■ **Assigned task**
What is needed is a word-for-word copy of the listing below, without pictures.

■ **Provided data**

--- START ---

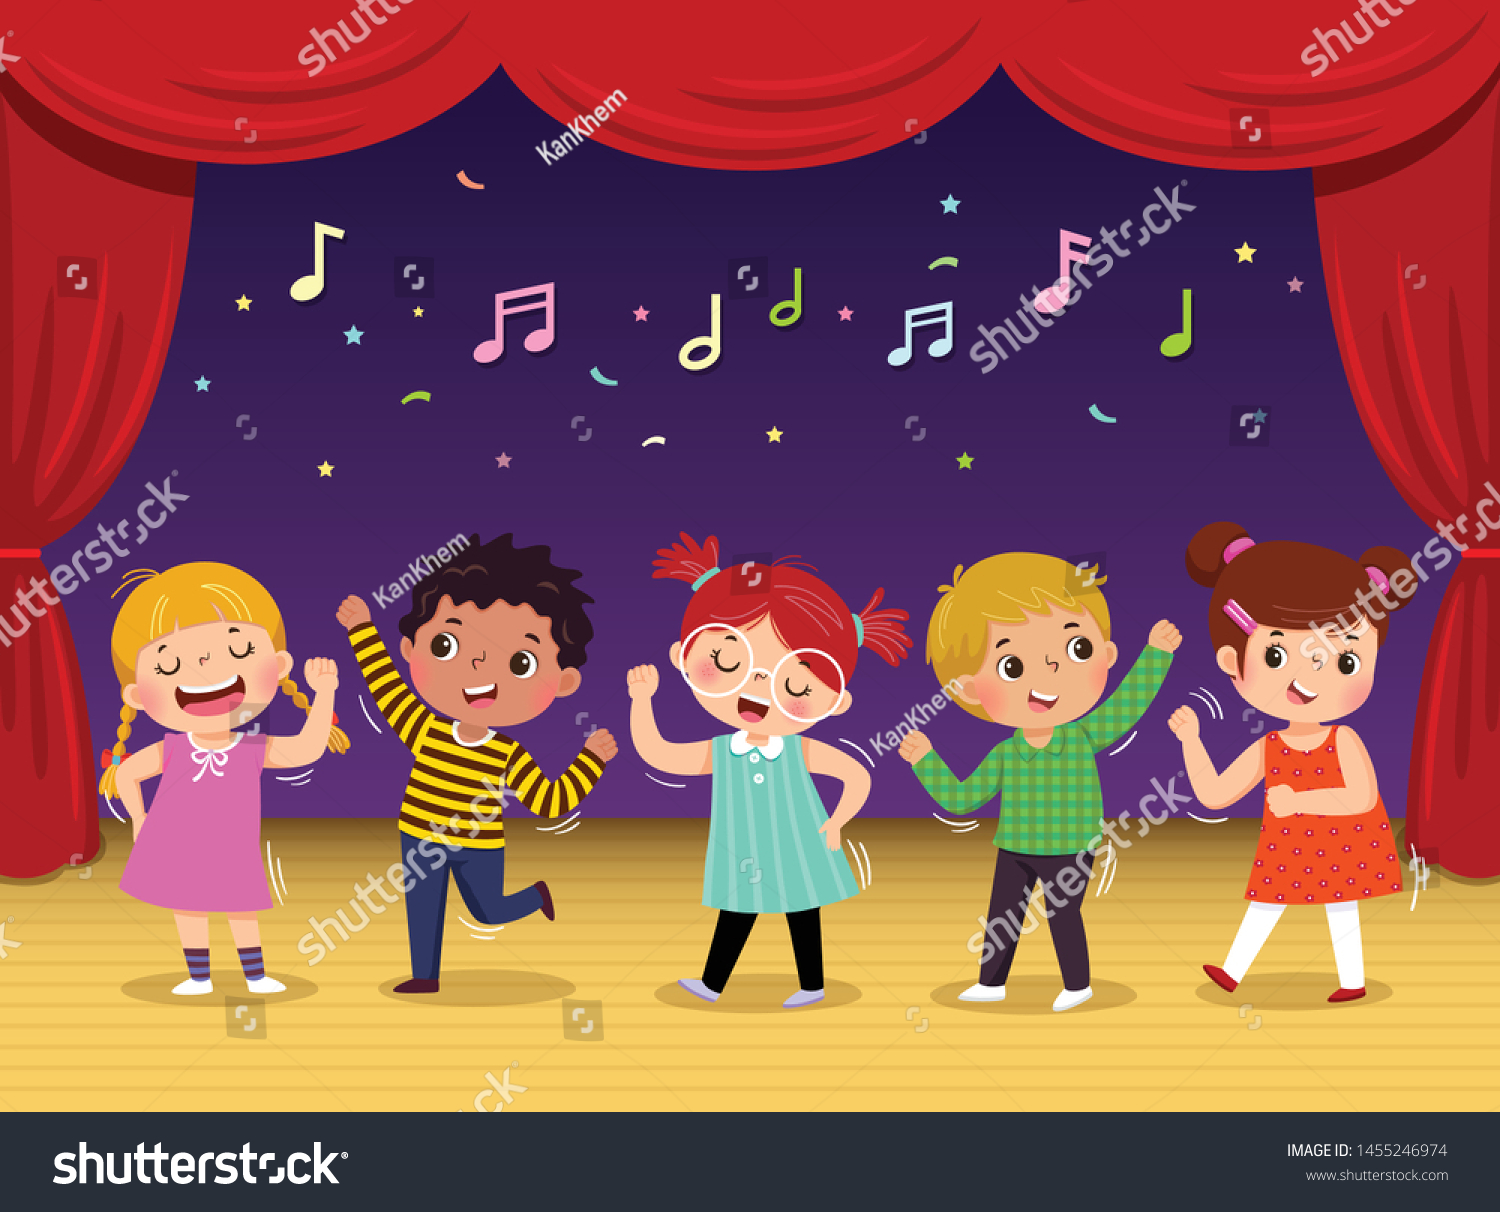 2-004-cartoon-kids-dancing-and-singing-images-stock-photos-vectors
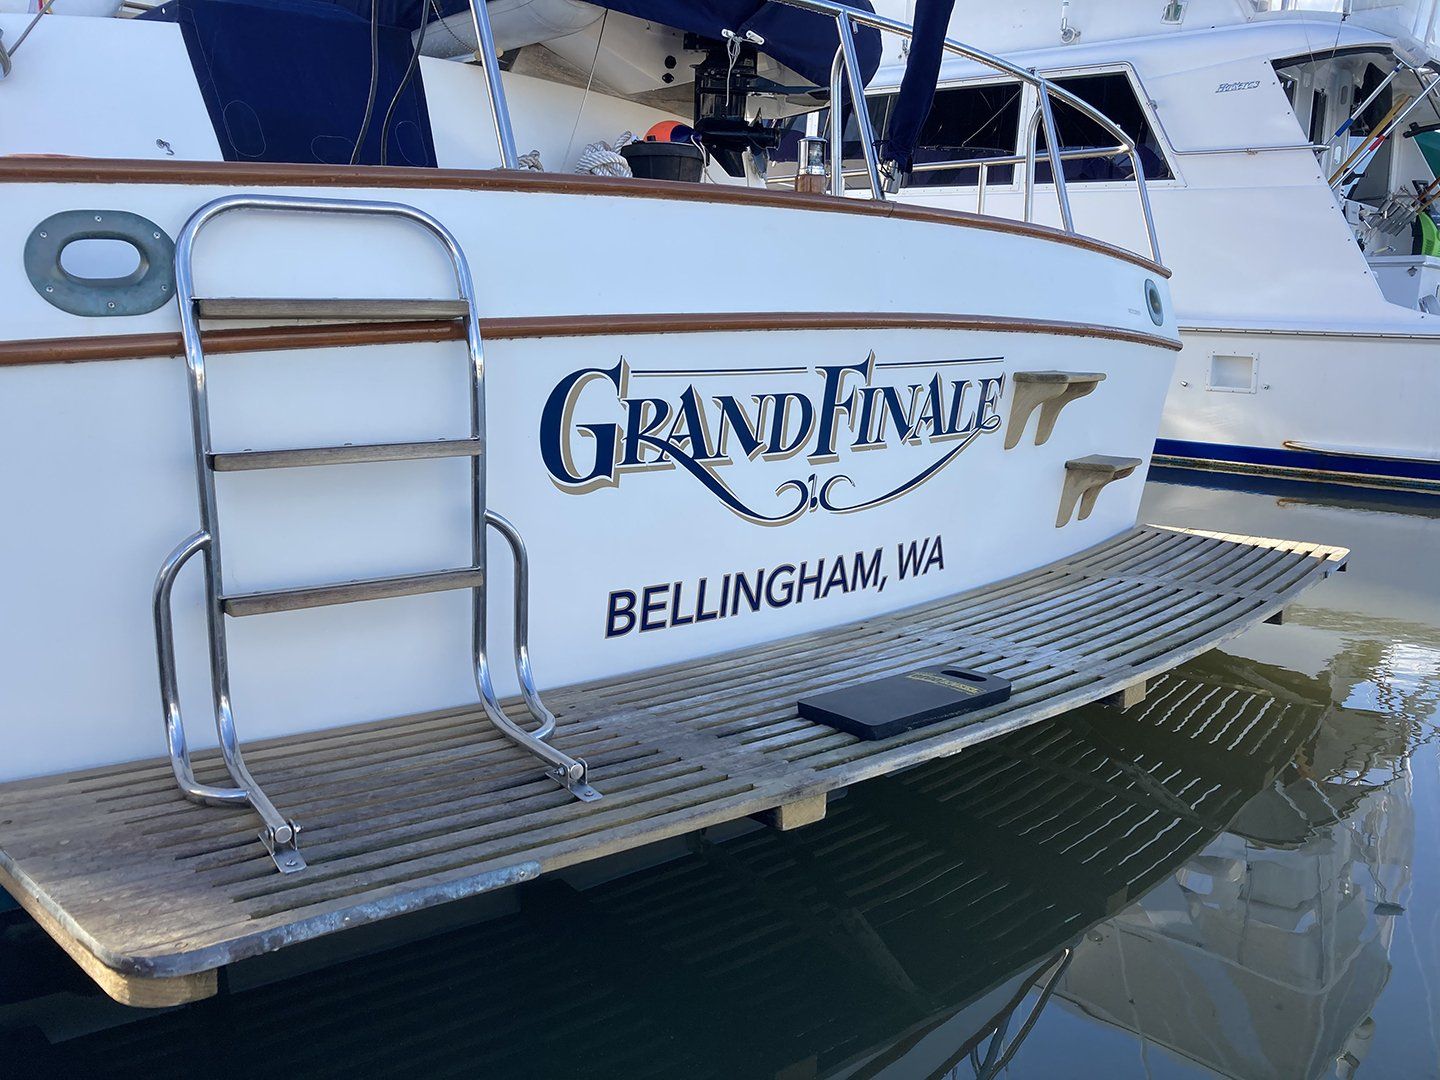 grandfinale boat name
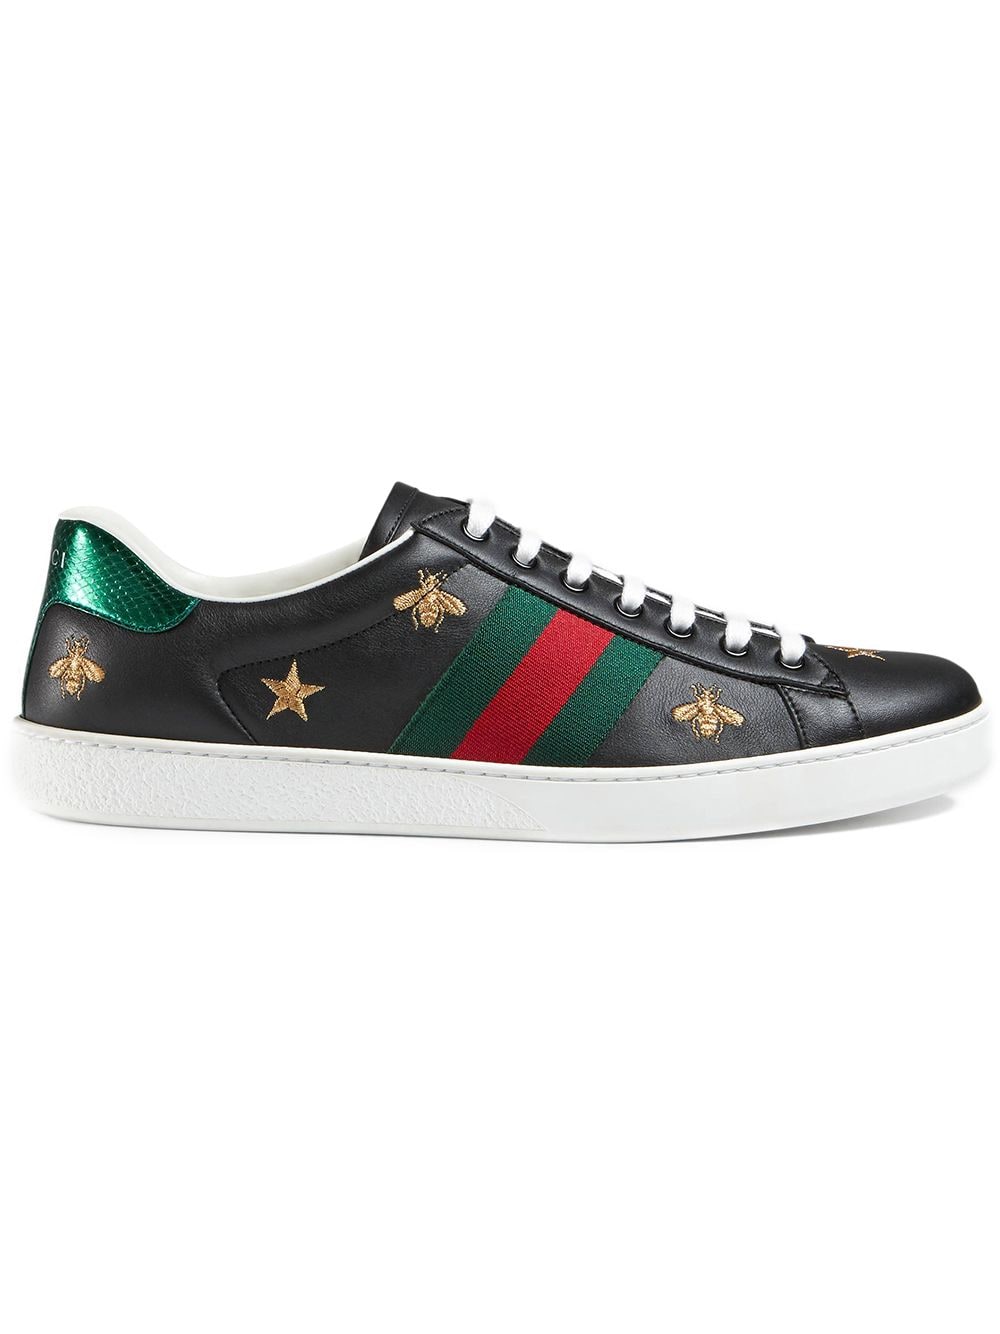 Gucci Ace Embroidered Sneaker - Farfetch

--- END ---

■ **Written solution**
 2-004-cartoon-kids-dancing-and-singing-images-stock-photos-vectors
 grandfinale boat name
 Gucci Ace Embroidered Sneaker - Farfetch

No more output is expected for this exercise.